═══ Data provided

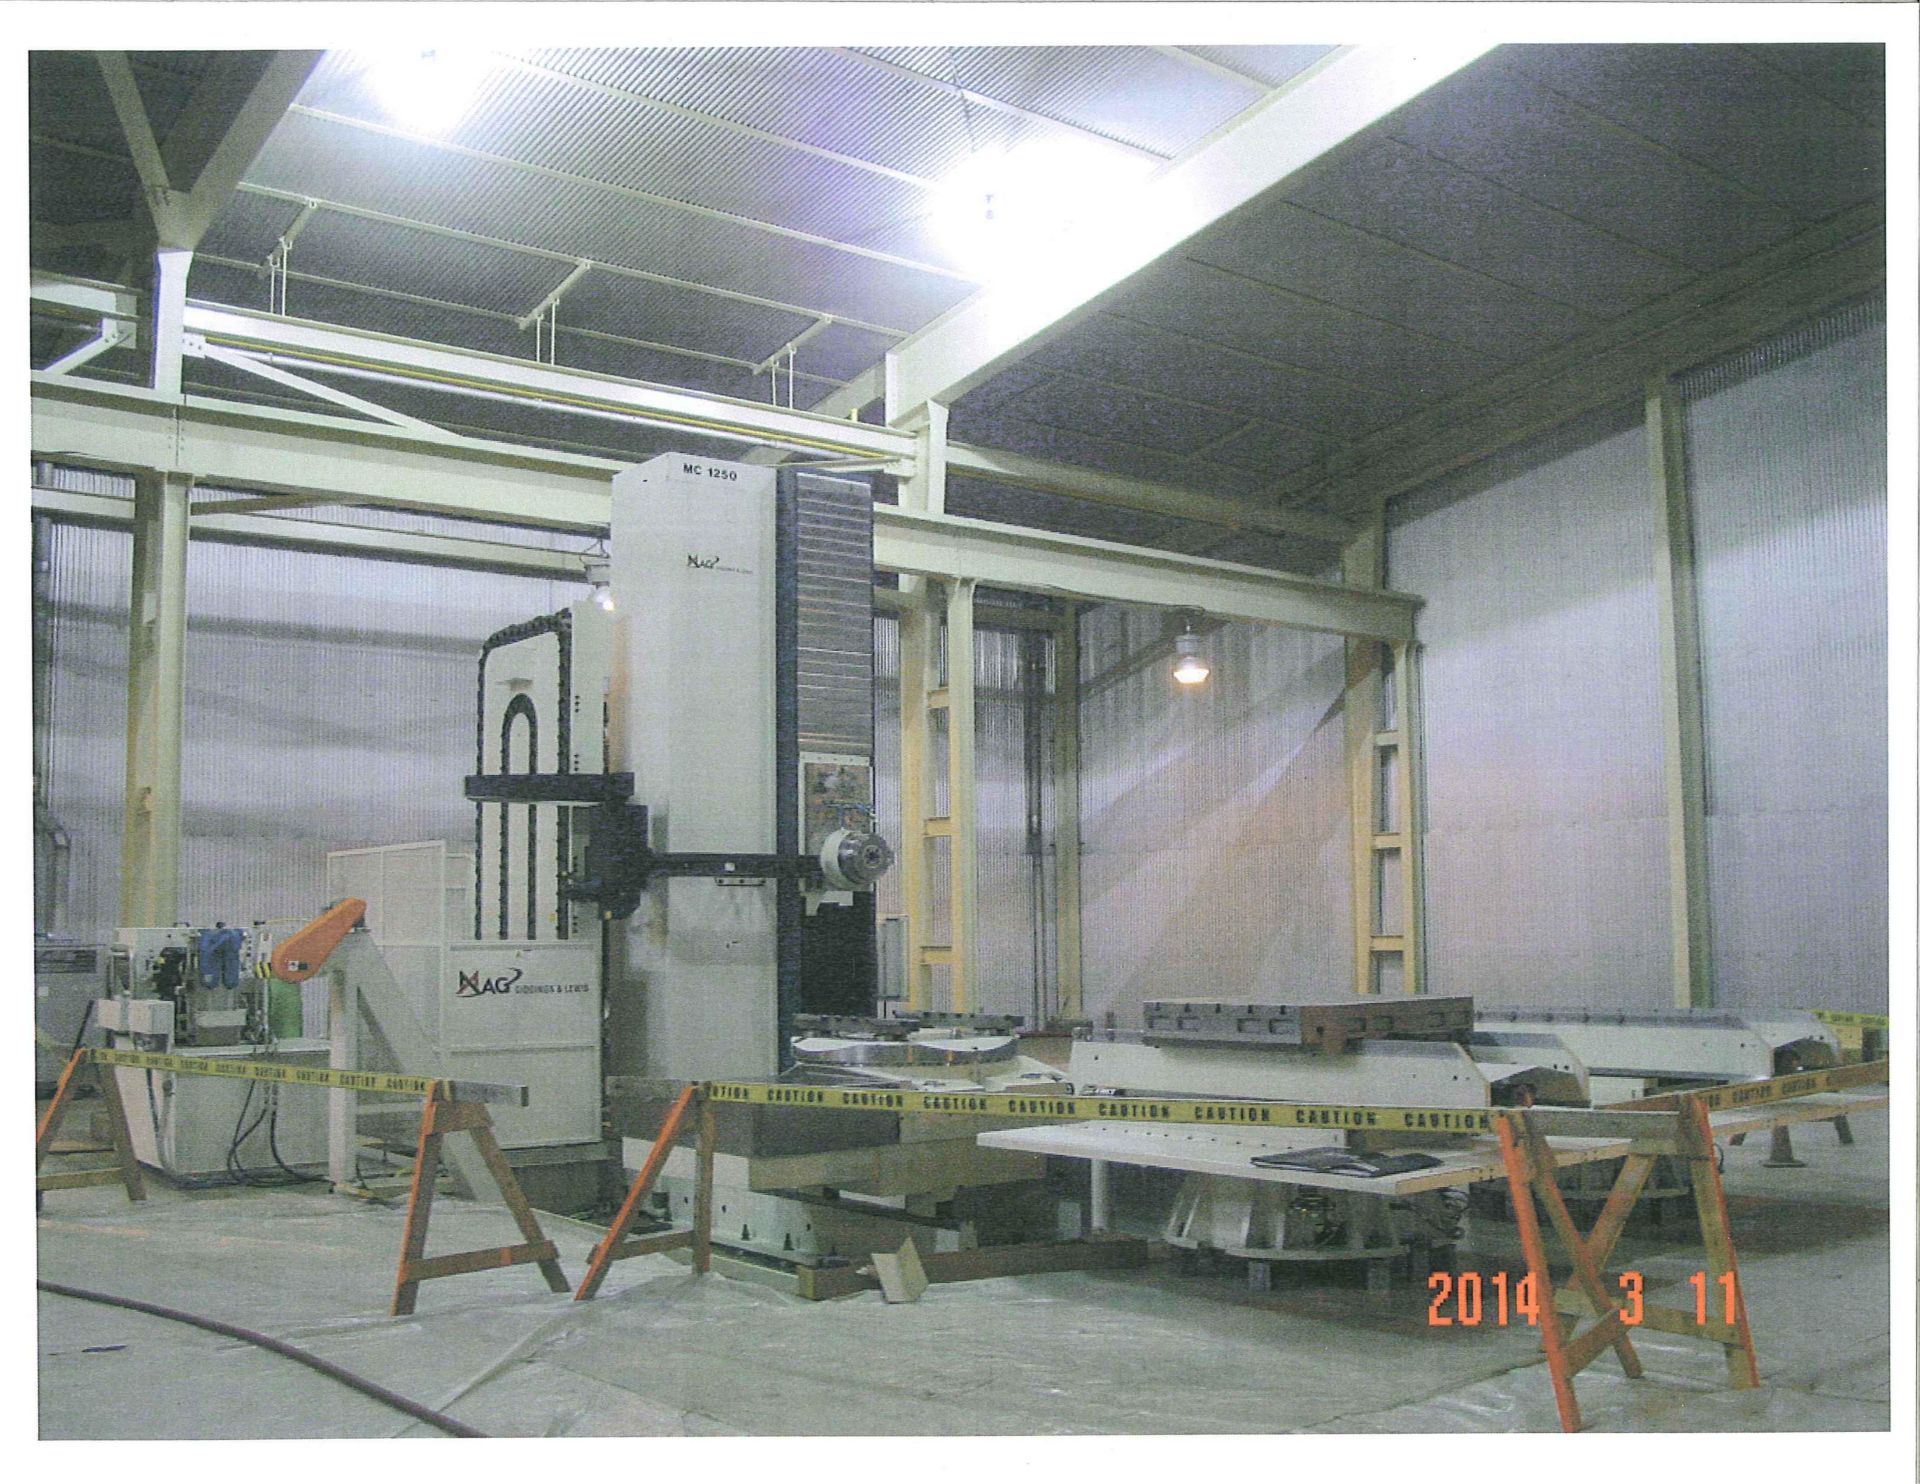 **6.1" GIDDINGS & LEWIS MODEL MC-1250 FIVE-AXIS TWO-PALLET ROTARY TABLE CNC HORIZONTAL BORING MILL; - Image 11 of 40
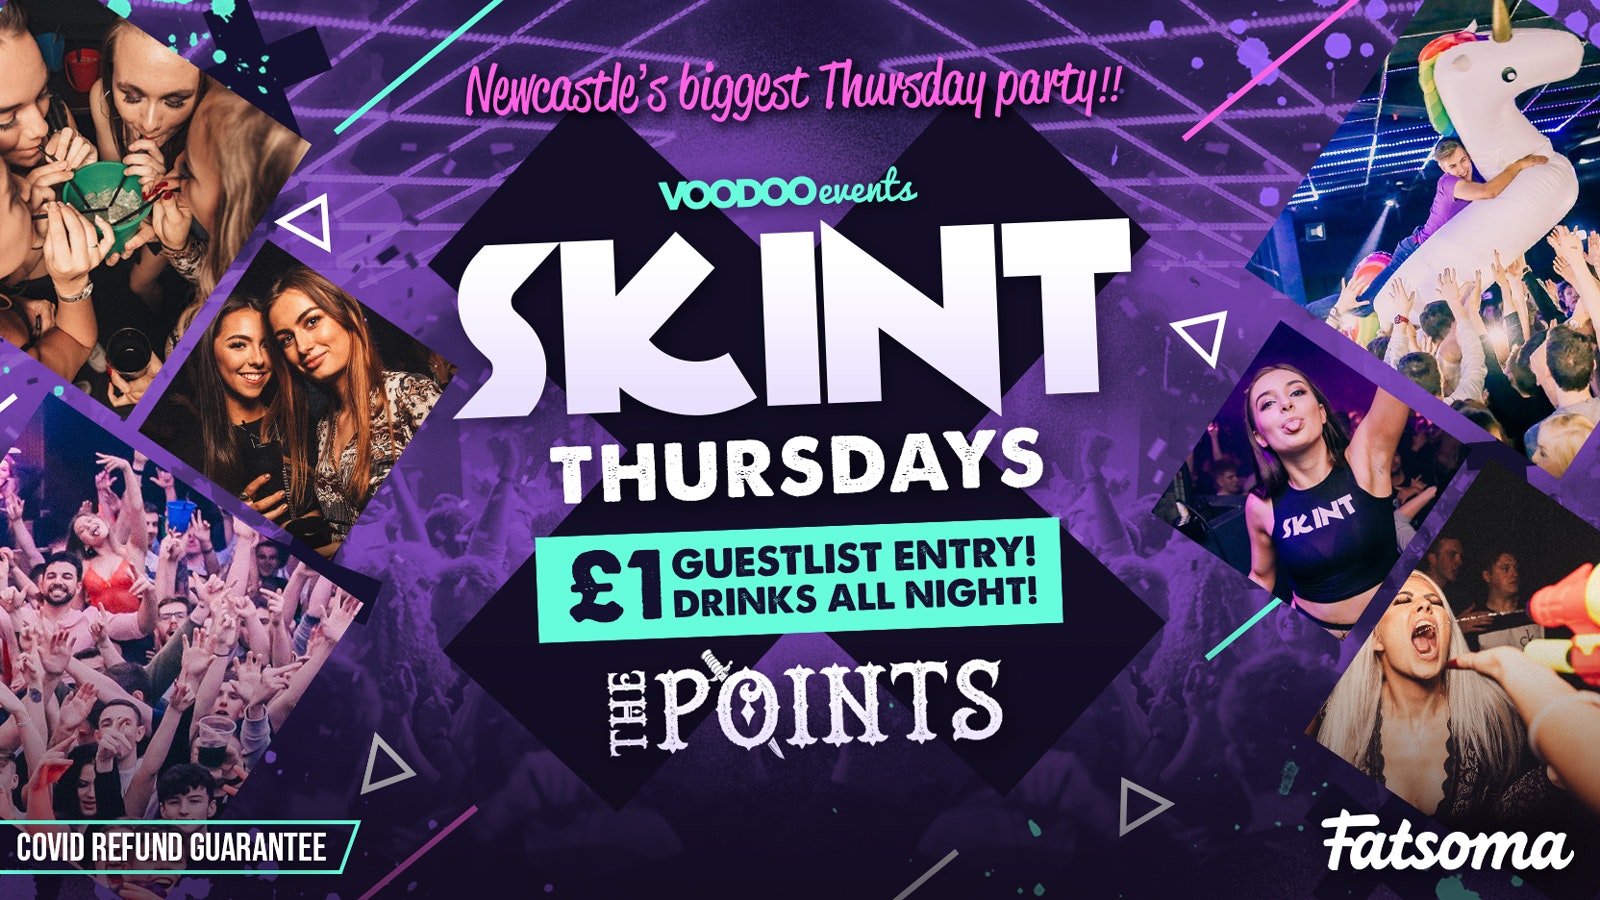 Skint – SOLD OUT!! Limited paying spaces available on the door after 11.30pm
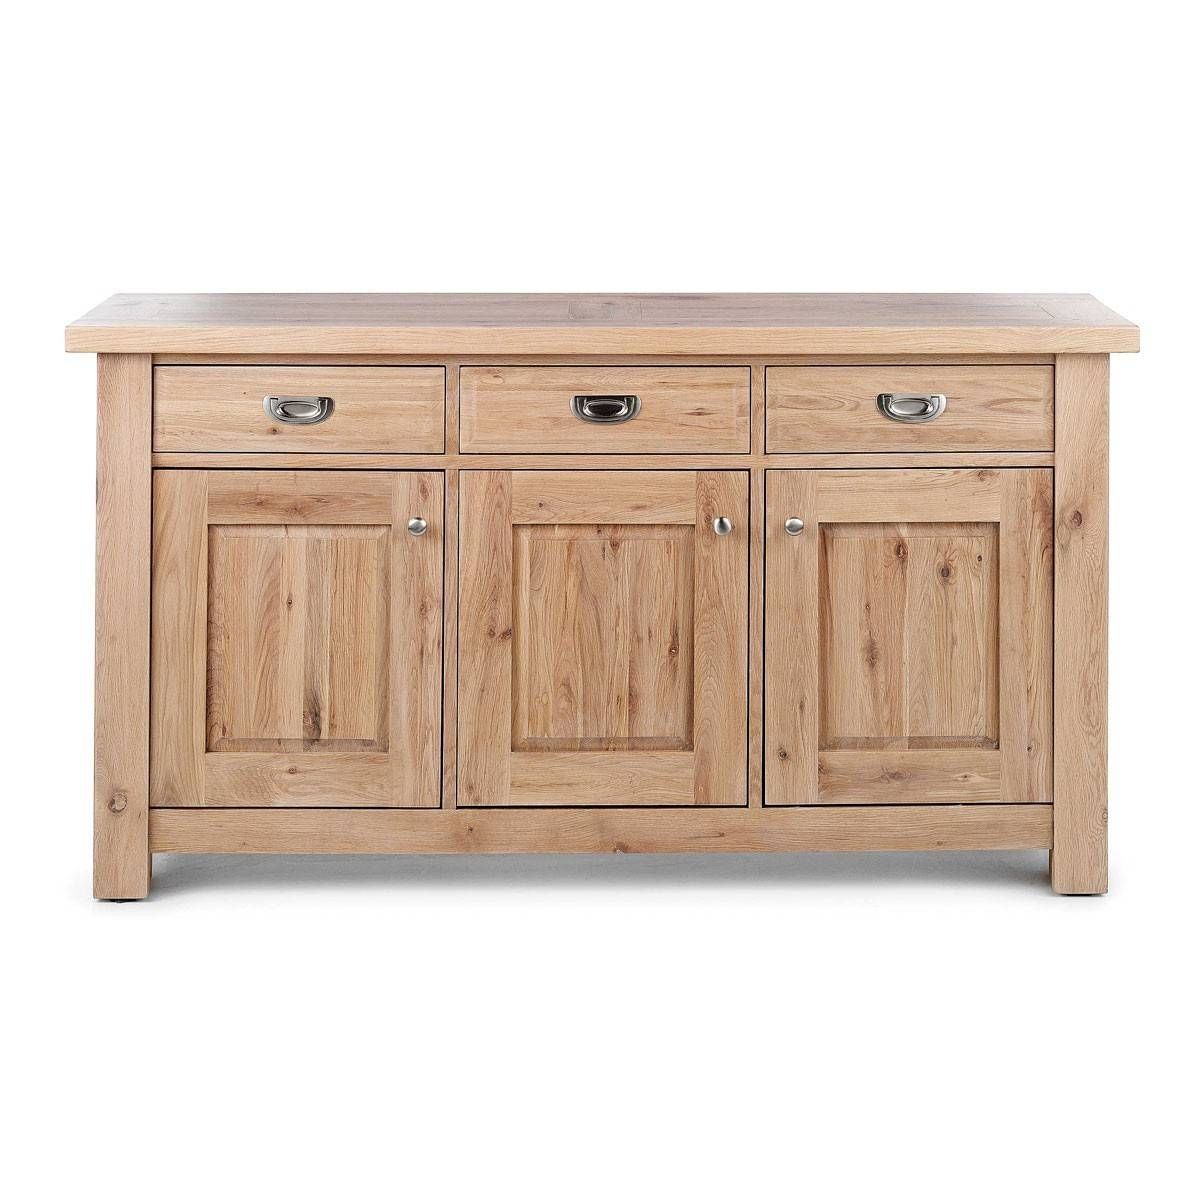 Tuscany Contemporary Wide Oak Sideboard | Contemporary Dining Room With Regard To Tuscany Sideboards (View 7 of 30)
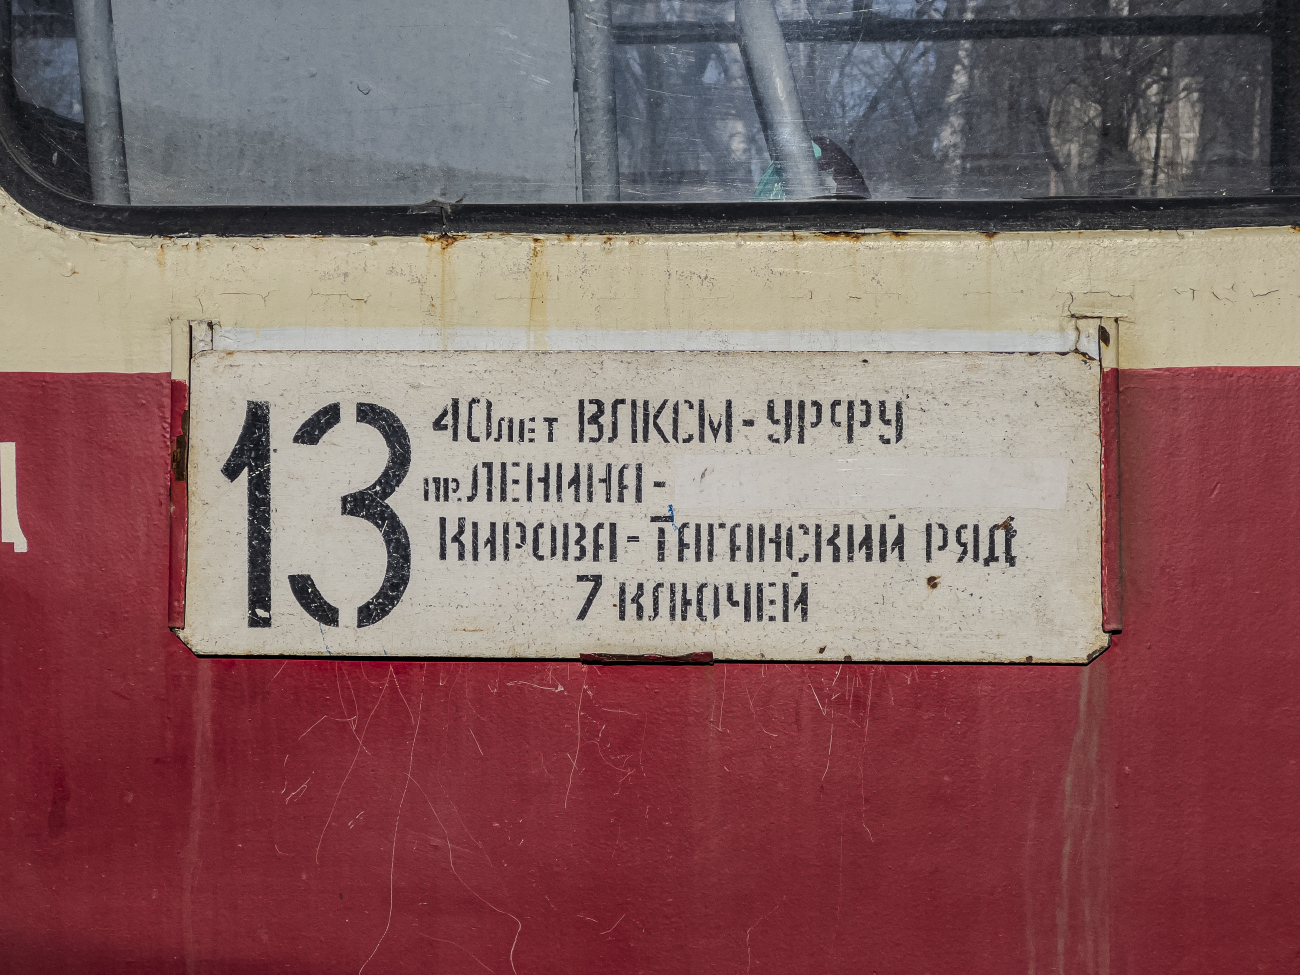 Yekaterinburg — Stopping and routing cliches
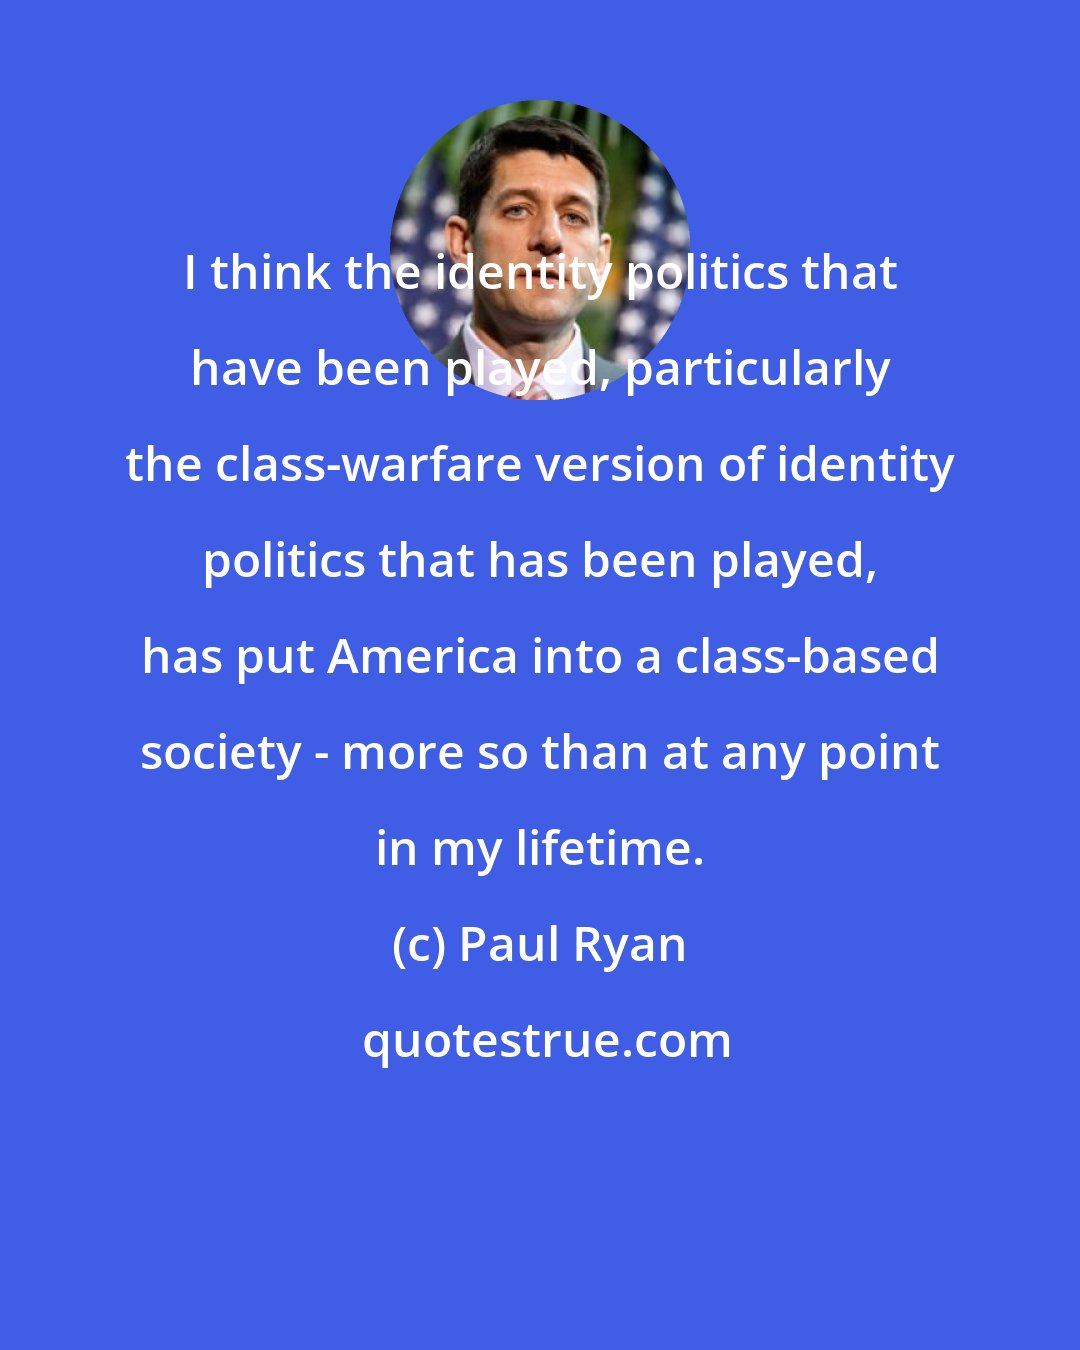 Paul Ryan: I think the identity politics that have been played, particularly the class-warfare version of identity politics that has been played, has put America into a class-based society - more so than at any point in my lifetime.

══════

[Your objective]: Leaving the pictures out, transcribe the entries above exactly as written.

[Problem solution]:
 **6.1" GIDDINGS & LEWIS MODEL MC-1250 FIVE-AXIS TWO-PALLET ROTARY TABLE CNC HORIZONTAL BORING MILL; - Image 11 of 40
 Skint – SOLD OUT!! Limited paying spaces available on the door after 11.30pm
 Tuscany Contemporary Wide Oak Sideboard | Contemporary Dining Room With Regard To Tuscany Sideboards (View 7 of 30)
 Yekaterinburg — Stopping and routing cliches
 Paul Ryan: I think the identity politics that have been played, particularly the class-warfare version of identity politics that has been played, has put America into a class-based society - more so than at any point in my lifetime.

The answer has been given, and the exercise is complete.